PAL is a key enzyme of the phenyl-propanoid pathway, contributing to the synthesis of phenolic compounds, phytoalexin and salicylic acid (SA) (Dixon, & Paiva, 1995). Previous studies have shown that laminarin and sulphated laminarin, a β-1,3 glucan and β-1,3 glucan sulfate, which has the same structure as LNT and sLNT, induced a transient increase in PAL activity (Klarzynski, et al., 2000; Ménard, et al., 2004). Our results also found that sLNT significantly induced expression of the PAL gene systemically and locally in tobacco leaves (Fig. 5 A), compared with LNT. Moreover, 5-epi-aristolochene synthase (EAS), an important enzyme in the phytoalexins synthesis pathway was also significantly induced systemically and locally in tobacco leaves (Fig. 5 B). Therefore, the sLNT induced increases in TMV resistance in tobacco seedlings was probably correlated with increases in PAL and EAS mRNA levels.

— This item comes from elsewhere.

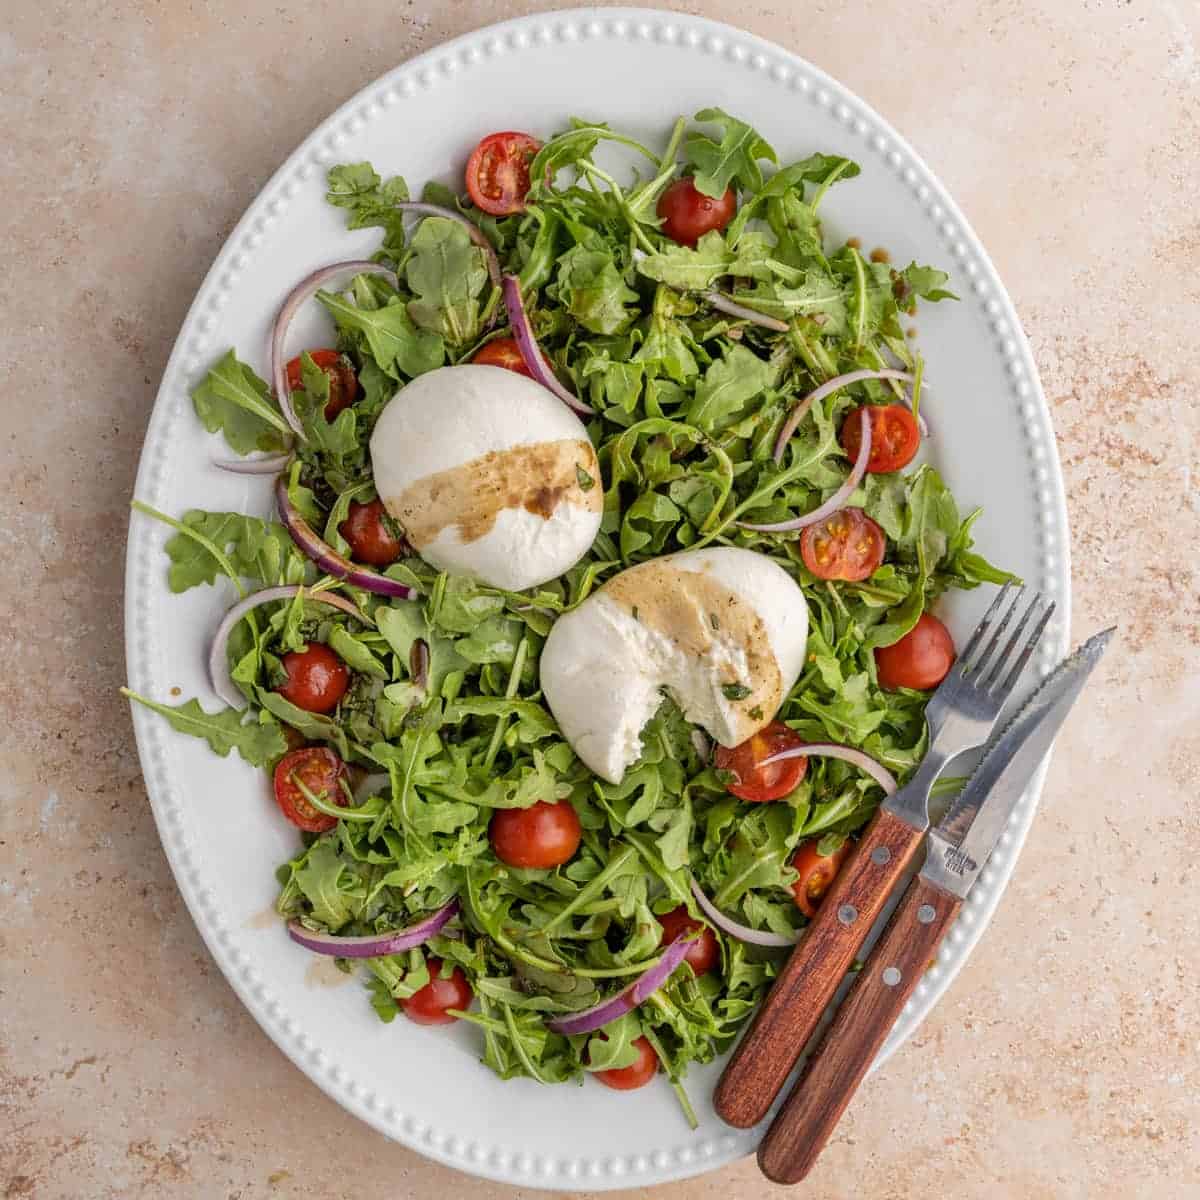 Large serving platter of arugula burrata salad with halved cherry tomatoes and red onion slices, drizzled with basil balsamic.

In conclusion, sLNT and LNT exhibited a potential antiviral activity against TMV. This inhibitory effect might be made by binding to tobacco cell receptors, or viral particles or both and inhibiting viral adhesion and entry into host cells, but also attribute to activate the expression of a number of defense genes.


This work was supported by the National Key Technology R&D Program of China (201003004).